Perhaps all this stuff has been said before and better by Tufte, but those books are expensive, dammit.

Well, I guess it’s time for that “purple America” map from Robert Vanderbei to start making the rounds again. Yglesias has the 2008 edition posted over at his site. The basic idea here is that for all the talk of red and blue America, the political differences between regions are actually quite small, and we’re really a united nation with a vigorous political discourse, tra la la la. Then we join hands and sing.

And, you know, fine. There’s an element of truth to this, and it’s certainly a nice thought. But also true: visualizing information by using a linear red/blue scale is about the worst way possible to make data legible to the human eye. First: our vision is logarithmic. When a photographer drags out his “50% gray” card for measuring lighting, it’s actually 18% gray. Judging by the triangular key in the corner of Vanderbei’s image, he’s just taking the percentage of vote totals and translating it flatly to 8 bit color — a 100% Republican district gets an RGB 24-bit value of (255,0,0).

The colors themselves are also a problem. As I’m sure you all remember keenly from this post I wrote in 2006, perceptual image codecs spend more bits on brightness than on color because the color-sensing cones in your eyes have a much lousier dynamic range than the light-sensing rods. We’re worse at distinguishing between levels of color than between levels of brightness. And since the percentage of the vote in any given spot on the map should always sum to 100, with negligible green (third party) contributions, the brightness will be relatively uniform (although admittedly not quite due to the perceptual differences between colors — monitor calibration and colorspace begin to enter the picture at this point, and things get just as hideously complex as you might imagine).

(I’ll add, somewhat tentatively, that my recollection from college is that the green cone is the most sensitive of the three types in your retina, making red/blue coding about the least distinguishable color continuum possible. The situation’s complicated by your rods’ preferential sensitivity to blue wavelengths, though, and the ratio of work done by rods and cones varies with ambient brightness. So I’ll resist the temptation to make strong claims on this score.)

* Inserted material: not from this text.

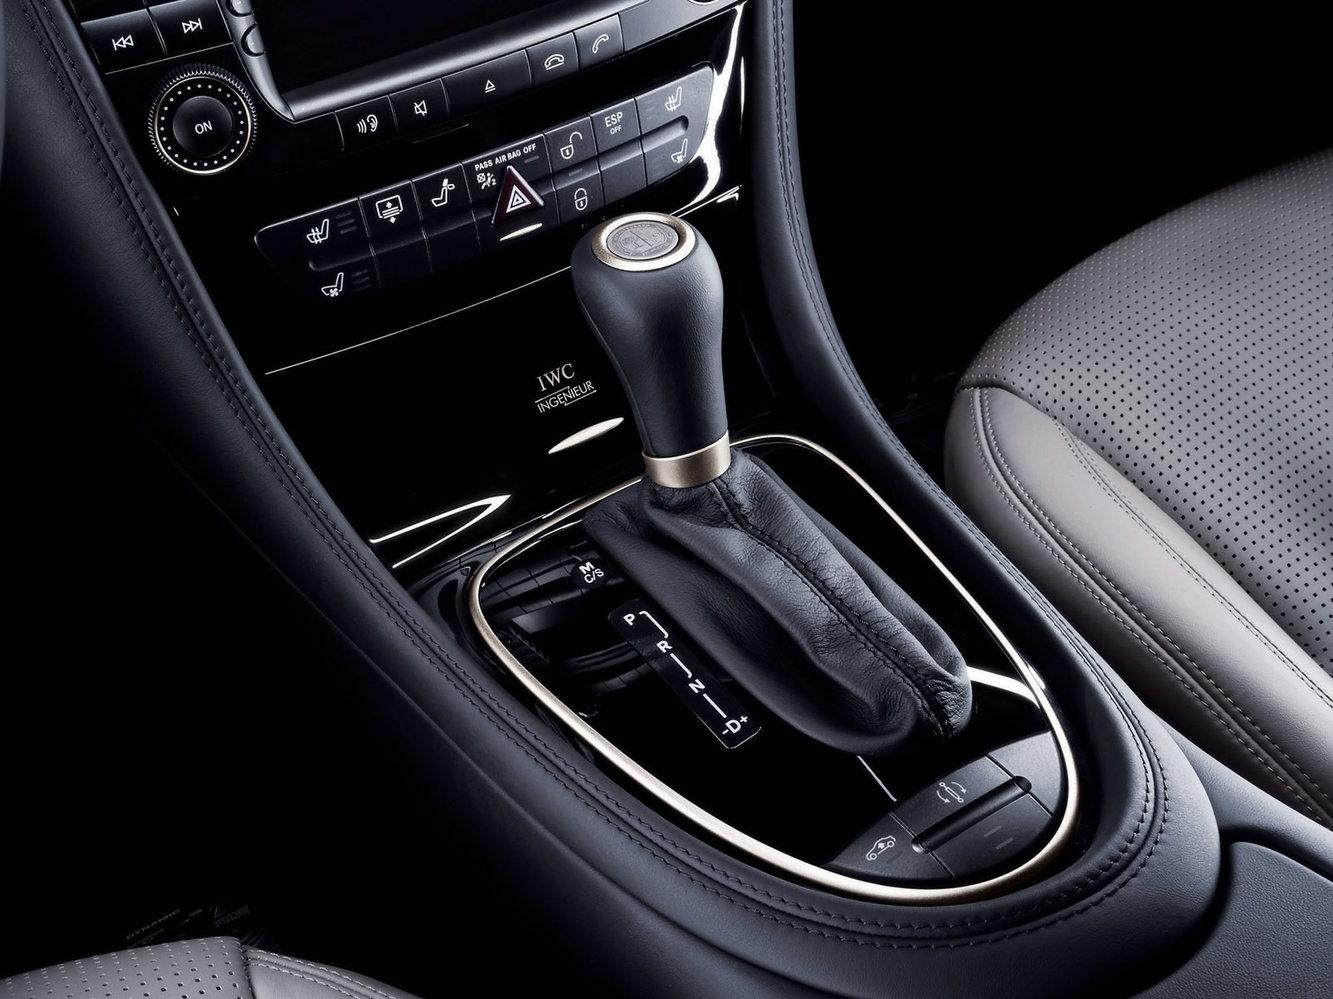 2006-Mercedes-Benz-CLS-55-AMG-IWC-Ingenieur-Shifter-1600x1200.jpg

So what does this all mean? Depending on how you look at it, not much. It’s not as if Vanderbei has done anything wrong. It’s just that the choices he made will tend to produce a map that, at a glance, implies homogeneity. If, on the other hand, we pull out the red channel, desaturate the blue channel and maximize the contrast of the resulting image (in effect normalizing the values to the full possible dynamic range), we get something very different-looking — but still perfectly accurate, and still non-logarithmic (with the caveat that it gives third-party votes to the Dems). Click the image for a full-sized, easier-to-see version.

Yglesias’s point that this isn’t a huge change between cycles still stands, of course, but the shifts are considerably easier to see this way (and easier still on that cool New York Times map that ran on their front page after the election).

It’s also easy to see that there really are very Republican and very Democratic sections of the country. I don’t want to overstate my case — obviously this conclusion can be drawn from the color map, too. Still, using a whole bunch of linearly-defined purple pixels is a clever way to latch onto a media cliche, but not necessarily the best way to visualize information. Things are more black and white than they may seem, and certainly less purple.